◆ **INPUT**:
-- Opening Marker --

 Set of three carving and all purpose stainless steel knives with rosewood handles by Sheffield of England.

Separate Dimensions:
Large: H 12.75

-- Closing Marker --
-- Opening Marker --

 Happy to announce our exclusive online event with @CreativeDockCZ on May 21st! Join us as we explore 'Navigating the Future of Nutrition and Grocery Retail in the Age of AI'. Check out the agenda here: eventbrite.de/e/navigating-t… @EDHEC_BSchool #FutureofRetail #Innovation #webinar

-- Closing Marker --
-- Opening Marker --

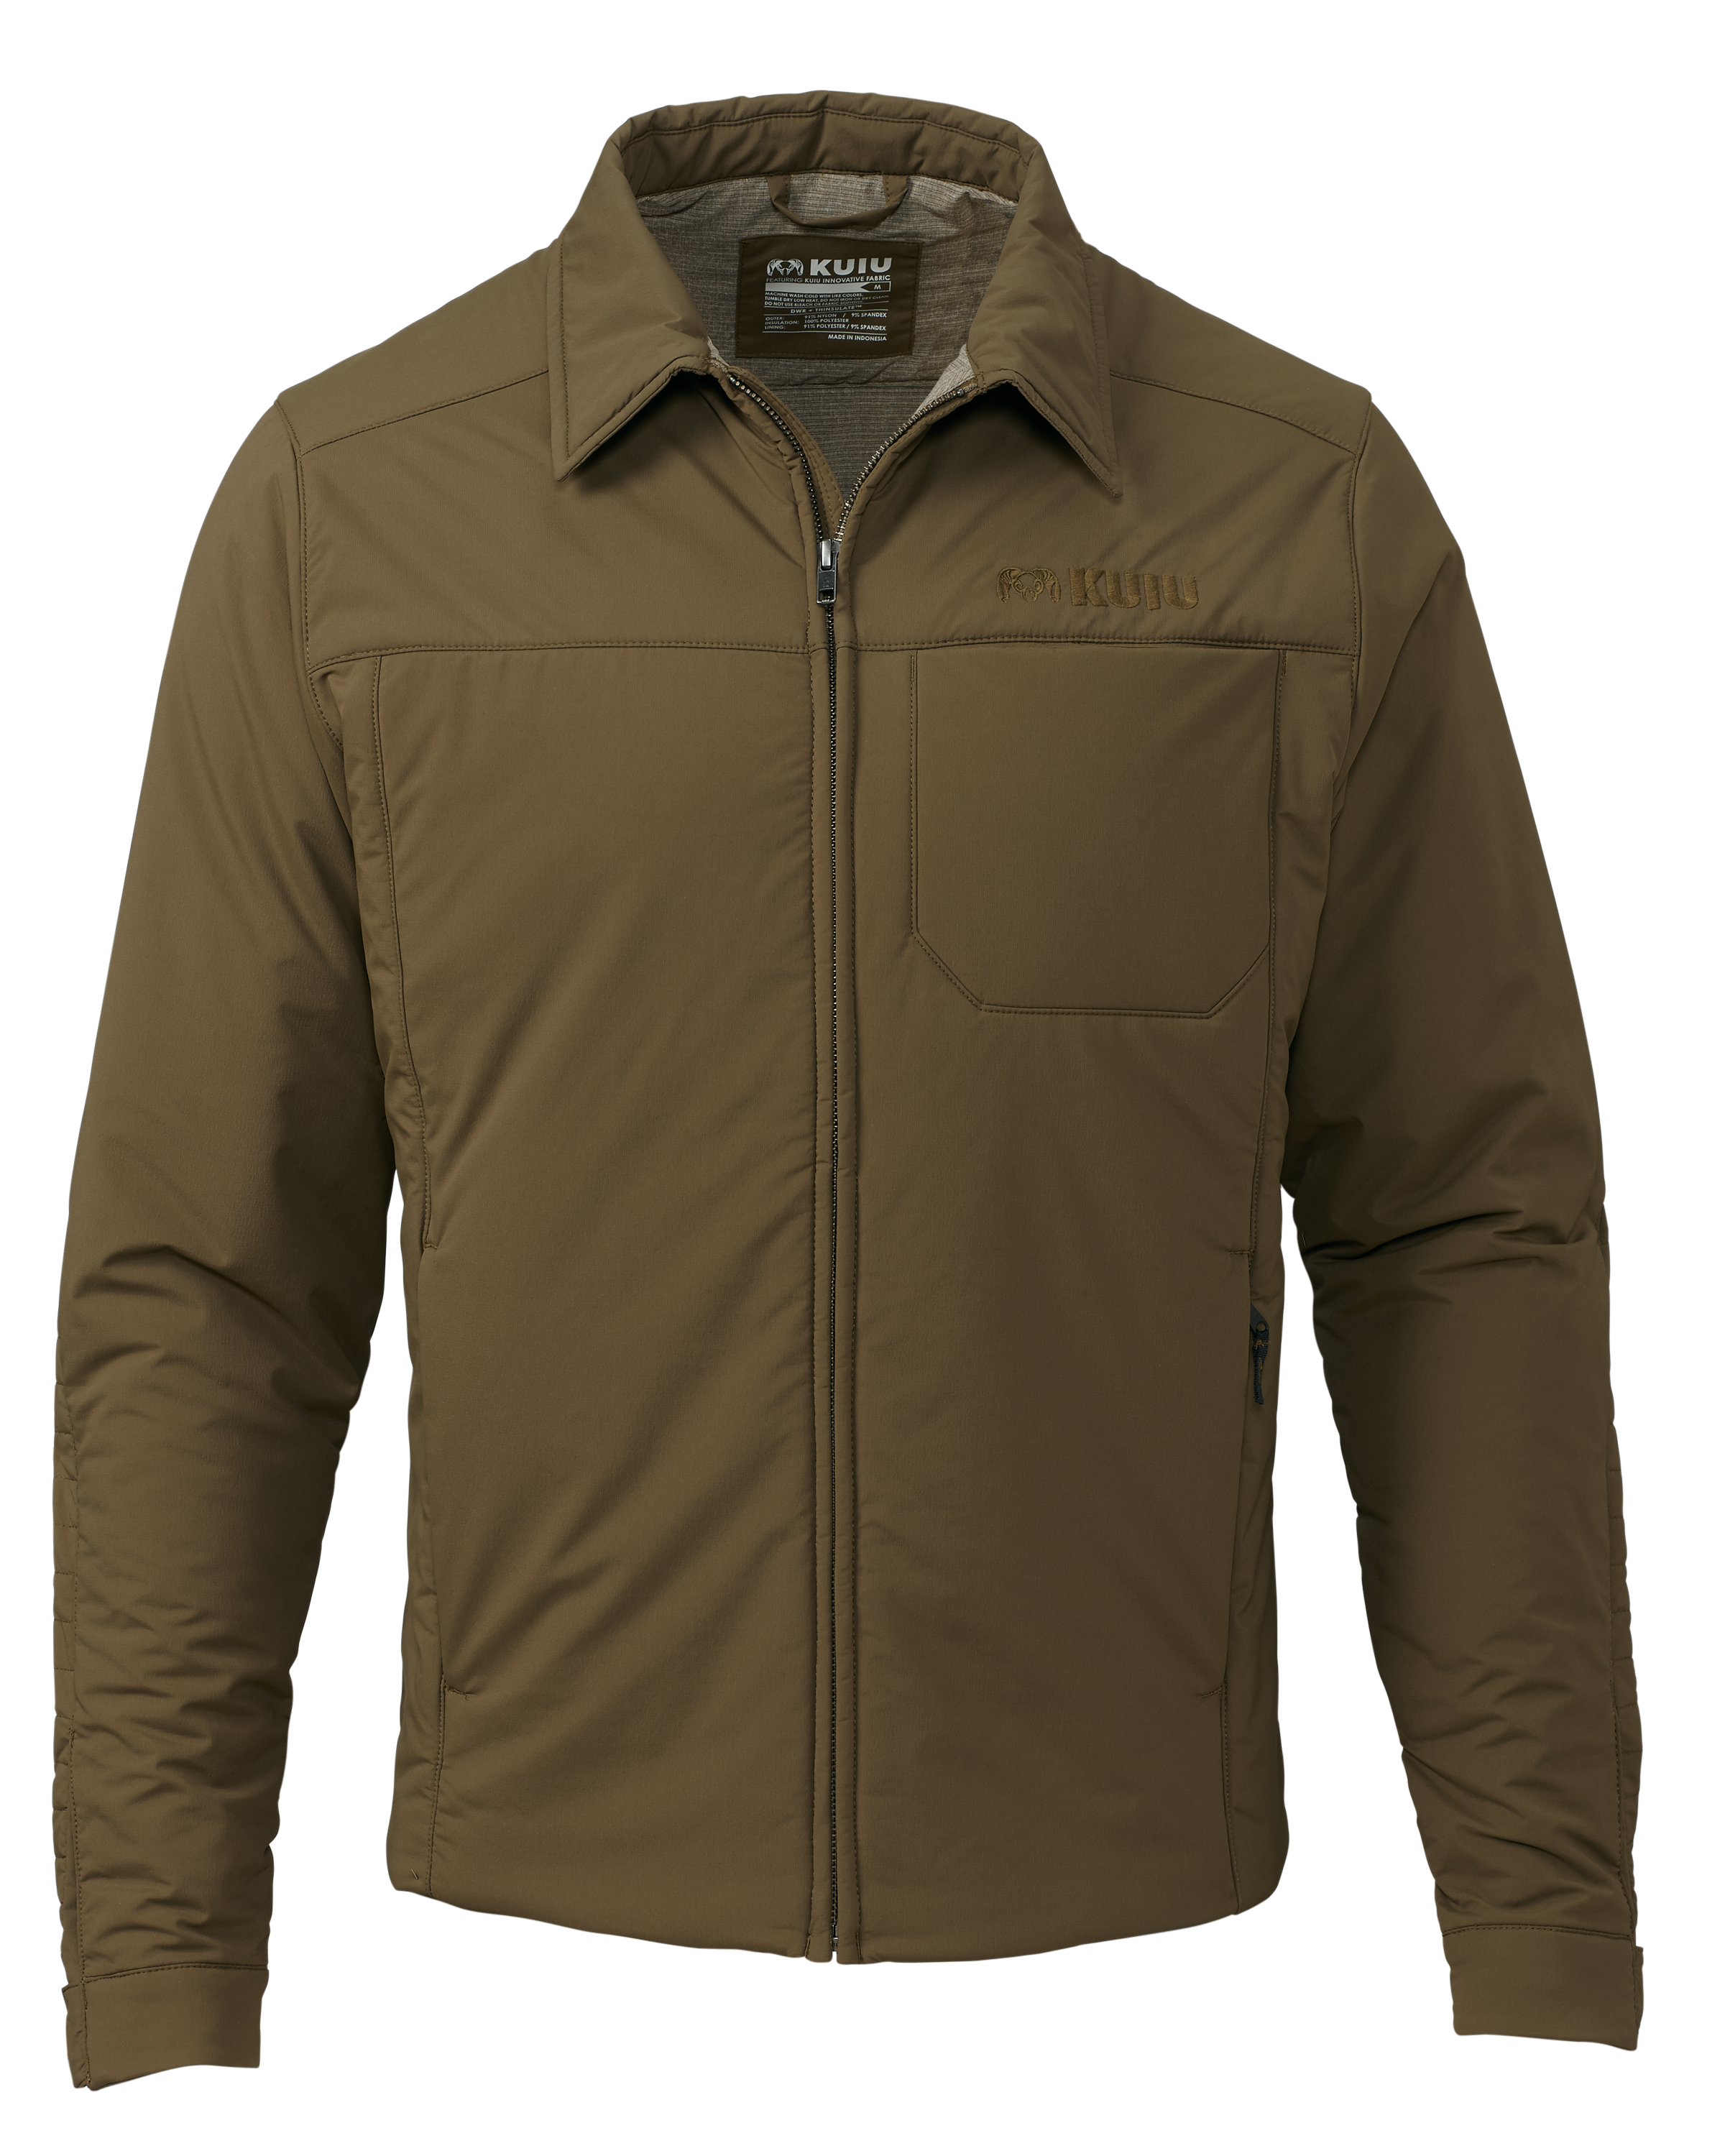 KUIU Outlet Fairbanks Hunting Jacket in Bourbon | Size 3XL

-- Closing Marker --

◆ **YOUR INSTRUCTIONS**: Copy each line above where "with" appears.

◆ **TASK OUTPUT**:
 Set of three carving and all purpose stainless steel knives with rosewood handles by Sheffield of England.
 Happy to announce our exclusive online event with @CreativeDockCZ on May 21st! Join us as we explore 'Navigating the Future of Nutrition and Grocery Retail in the Age of AI'. Check out the agenda here: eventbrite.de/e/navigating-t… @EDHEC_BSchool #FutureofRetail #Innovation #webinar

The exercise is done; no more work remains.